ELEGY, n. A composition in verse, in which, without employing any of the methods of humor, the writer aims to produce in the reader's mind the dampest kind of dejection.



Humor Quotes: "As accidental as my life may be, or as that random humor is, which governs it, I know nothing, after all, so real or substantial as myself"

As accidental as my life may be, or as that random humor is, which governs it, I know nothing, after all, so real or substantial as myself




Humor Quotes: "I'm quite lucky, because I've got a small, decorative concrete pig."

I'm quite lucky, because I've got a small, decorative concrete pig.



Humor Quotes: "I'm a vegetarian, I'm not strict. I eat fish. And duck, but they're nearly fish aren't they."

I'm a vegetarian, I'm not strict. I eat fish. And duck, but they're nearly fish aren't they.




Humor Quotes: "I am Zebedee, lord of the woods! Bow down snail, I have dominion!"

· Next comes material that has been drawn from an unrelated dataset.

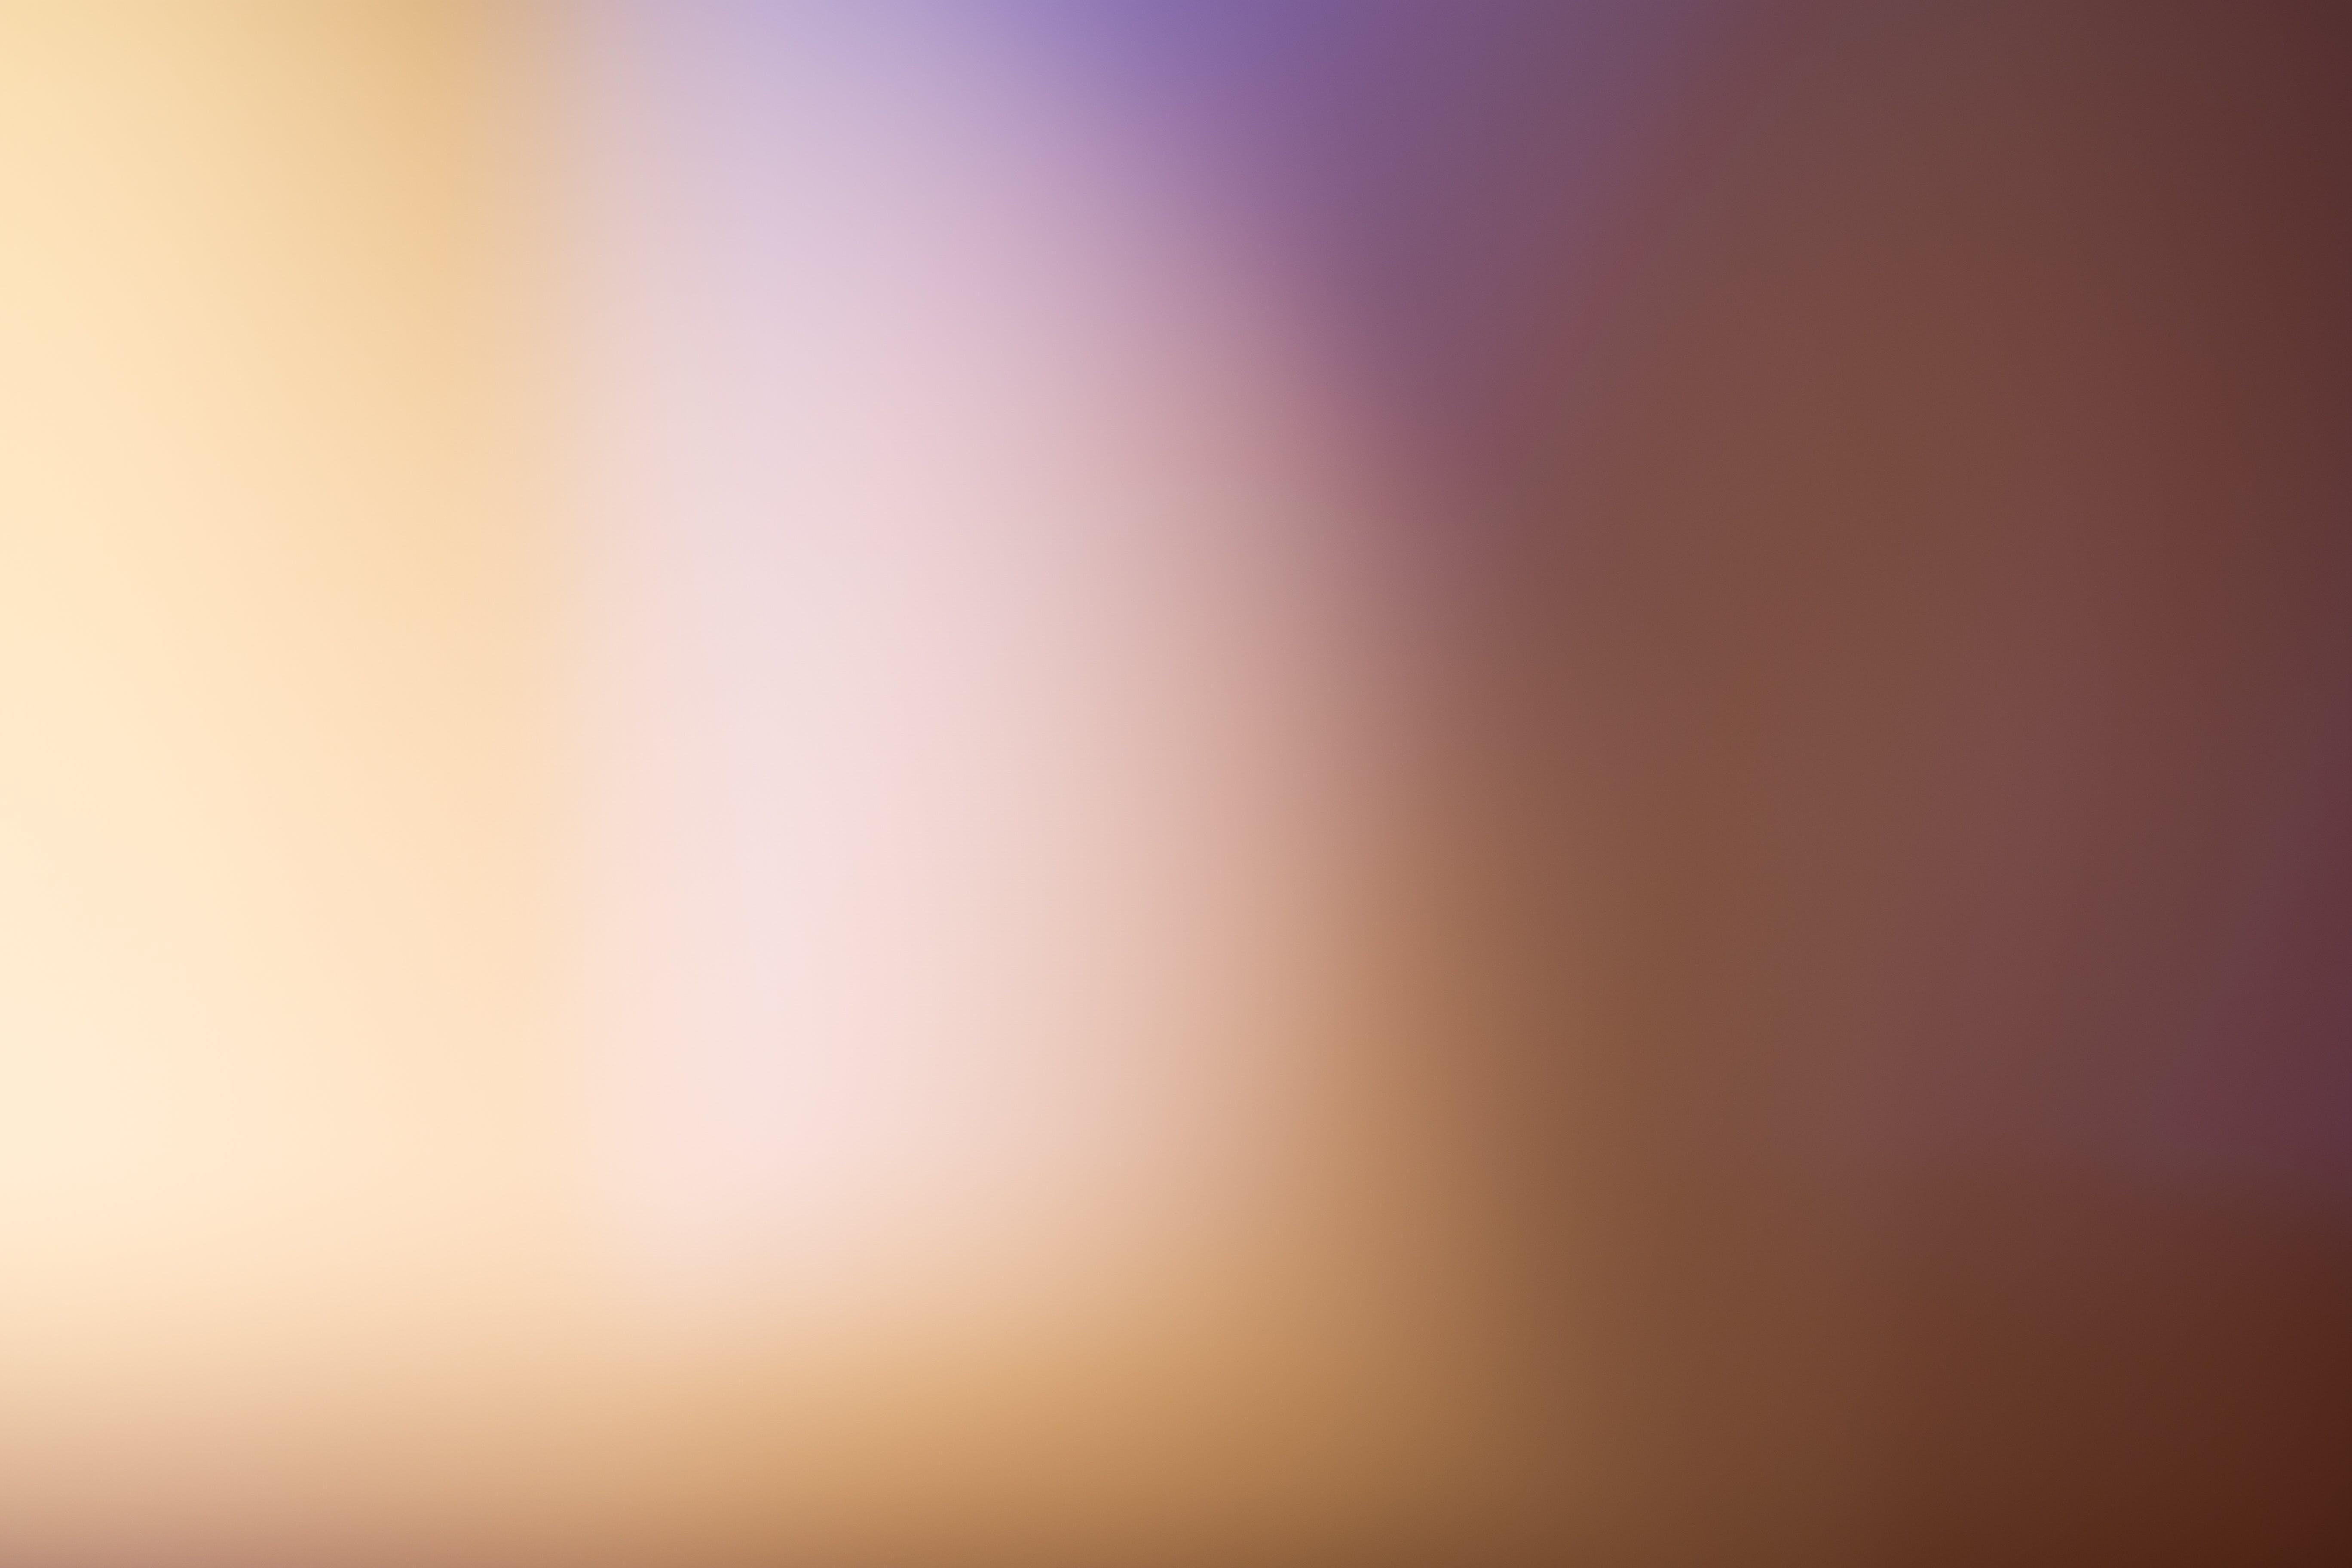 4k wallpaper, background, blur
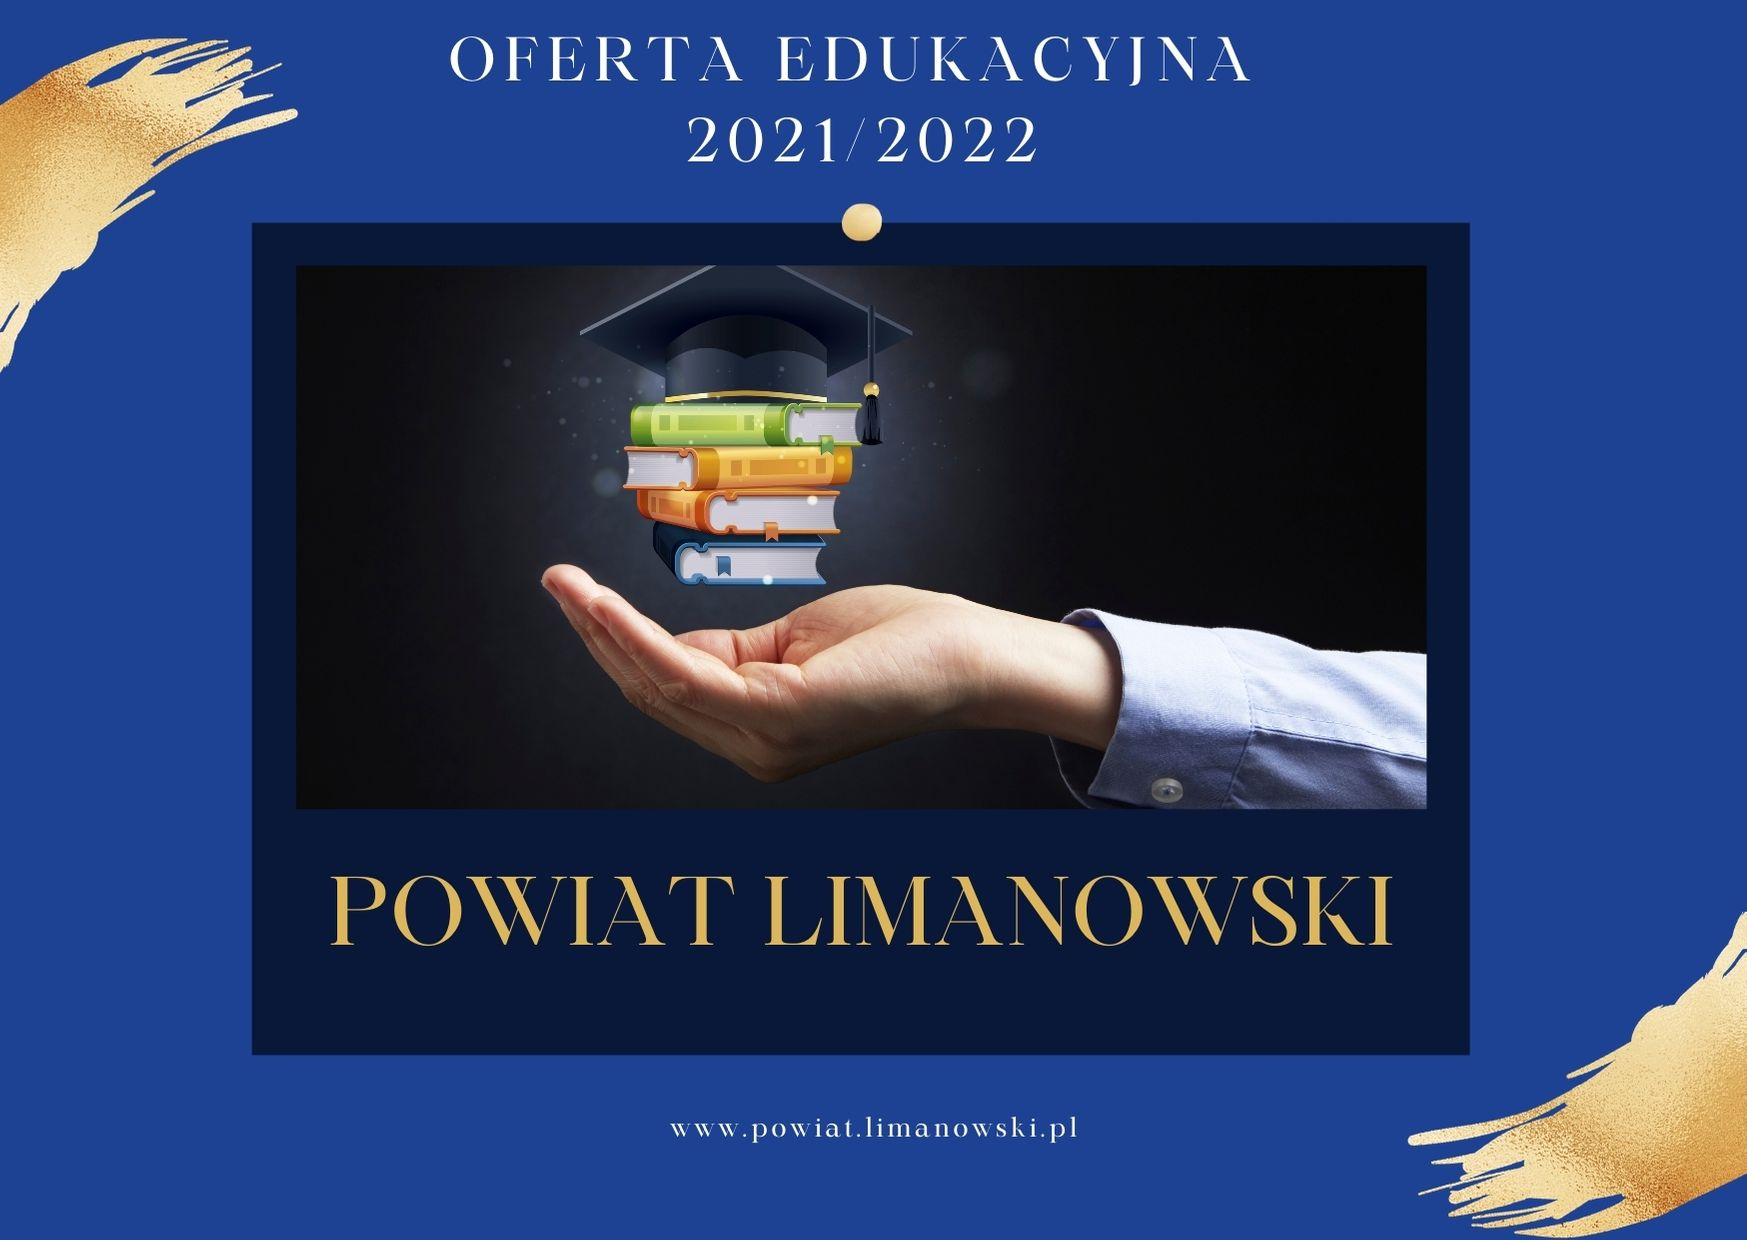 Oferta edukacyna na rok 2021/ 2021. Powiat Limanowski. Dłoń nad którą są ułożone książki i czapka absolwenta

I am Zebedee, lord of the woods! Bow down snail, I have dominion!



Humor Quotes: "He had the sort of face that makes you realize God does have a sense of humor."

He had the sort of face that makes you realize God does have a sense of humor.



Humor Quotes: "The worst thing to do is to die while reading LIFE magazine."

The worst thing to do is to die while reading LIFE magazine.




Humor Quotes: "Dentists tell you not to pick your teeth with any sharp metal object. Then you sit in their chair and the first thing they grab is an iron hook."

Dentists tell you not to pick your teeth with any sharp metal object. Then you sit in their chair and the first thing they grab is an iron hook.



Humor Quotes: "No parents. You have Uncle Jesse, forever in overalls. Then there's Bo and Duke. What do they do? I never saw them working for food or gas money. You can only kill so many possum."

No parents. You have Uncle Jesse, forever in overalls. Then there's Bo and Duke. What do they do? I never saw them working for food or gas money. You can only kill so many possum.



Humor Quotes: "A new cologne is coming out. It's for cowboys, and it's made from cow's manure. That way the women will be on you like flies!"

A new cologne is coming out. It's for cowboys, and it's made from cow's manure. That way the women will be on you like flies!



Humor Quotes: "Humor, for me, is really a gate of departure. Its a way of enticing a reader into a poem so that less funny things can take place later. It really is not an end in itself, but a means to an end."

Humor, for me, is really a gate of departure. Its a way of enticing a reader into a poem so that less funny things can take place later. It really is not an end in itself, but a means to an end.



Humor Quotes: "I worry about ridiculous things, you know, how does a guy who drives a snowplough get to work in the morning. ... That can keep me awake for days."

I worry about ridiculous things, you know, how does a guy who drives a snowplough get to work in the morning. ... That can keep me awake for days.




Humor Quotes: "If Jesus was a Jew, how come he has a Mexican first name?"

If Jesus was a Jew, how come he has a Mexican first name?



Humor Quotes: "Now, the country is in a terrible state, and you've blamed it on a number of things: Unemployment rate, the value of the pound and all that... wrll, it's because the national anthem is boring."

Now, the country is in a terrible state, and you've blamed it on a number of things: Unemployment rate, the value of the pound and all that... wrll, it's because the national anthem is boring.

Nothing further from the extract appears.